Meet The Man Who Thinks Robots Are The Only Way To Make American Manufacturing Great Again
Tyler Durden
Sun, 11/01/2020 – 22:30
Bringing manufacturing back to the U.S. has been a hotbutton issue on the campaign trail this year. Despite the fact that President Trump ran on the idea back in 2016 and has been repatriating manufacturing (or at least trying to) for the better part of his entire term, Joe Biden is now also trying to campaign on the issue.
We wonder if either candidate has considered the automation that is likely going to be necessary for a broad manufacturing move back to the United States.
One man who definitely has is Arnold Kamler, best known for being the man behind Kent Bicycles. He thinks that the only way manufacturing can come back to the U.S. in full force, is going to be through the use of robotics. His company employs 150 people at a plant in South Carolina, but still does most of its manufacturing in Taiwan and China.
Kamler told Bloomberg that while he wants to potentially 4x his output in the U.S., he isn’t getting help from the U.S. government. He claims that actions taken by President Trump and promises made by Joe Biden – both relating to taxes and tariffs – simply don’t help him. What would help him, however, is automation.
He said: “Everyone on both sides likes to make big announcements of taxes and tariffs -– that doesn’t help. The very first thing the U.S. government should do is to help U.S. companies automate.”
He said of the tariffs: “We went months of shipping lots of bicycles and losing money.
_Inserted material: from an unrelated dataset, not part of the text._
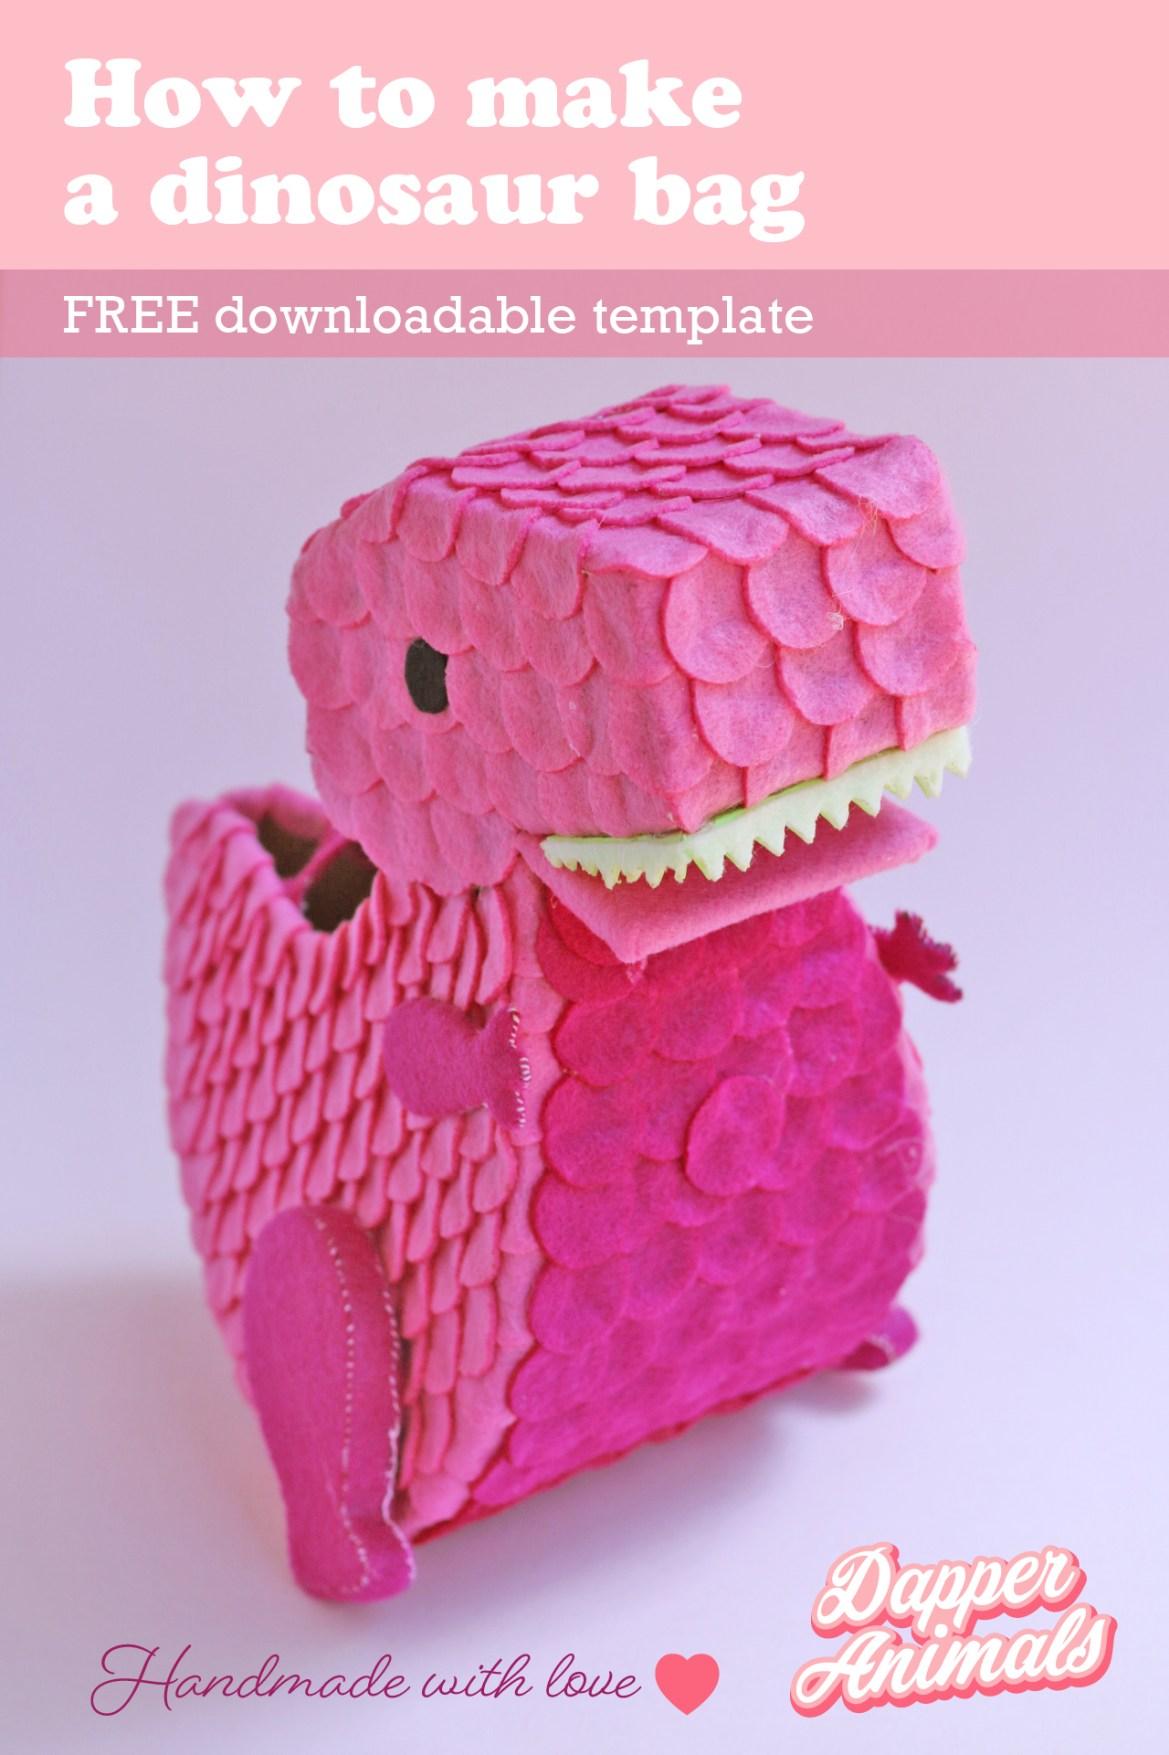 Step by Step tutorial to make an adorable felt dinosaur purse

Now, business is off-the-charts crazy good.”
And he’s right. The U.S. has “one of the lowest rates of automation among the world’s top industrial powers” according to Bloomberg.
While the U.S. used to be an industrial powerhouse decades ago, manufacturing and costs related to it have evolved. Instead of yearning for the days of old, lawmakers and business owners should be embracing a new hybrid model of production involving more robotics.
That’s what Kamler is doing. While human workers assemble bikes by threading brake cables or installing chains, machines are tasked with painting the bike frames.
He commented: “If we’re going to make bicycles in a big way, we need a lot more automation. We just can’t do it the way we used to do it years ago.”
Kamler aims to automate even more of his process and, ironically, says he will need to hire more workers to oversee the robotics he intends to buy. The Manufacturing Institute, which represents executives in the industry, shows that Kamler is representative of a larger trend. 75% of manufacturers are planning on boosting “smart factory” technology investments over the next year.
Carolyn Lee of TMI said: “One of the prime benefits of automation is that it replaces tasks that are repetitive or physically taxing, freeing people to focus on tasks that require human skills and creativity and creating even more jobs along the way.”
She says there are about 400,000 new openings to tend to manufacturing equipment and that 4.6 million new, similar positions will need to be filled by 2028.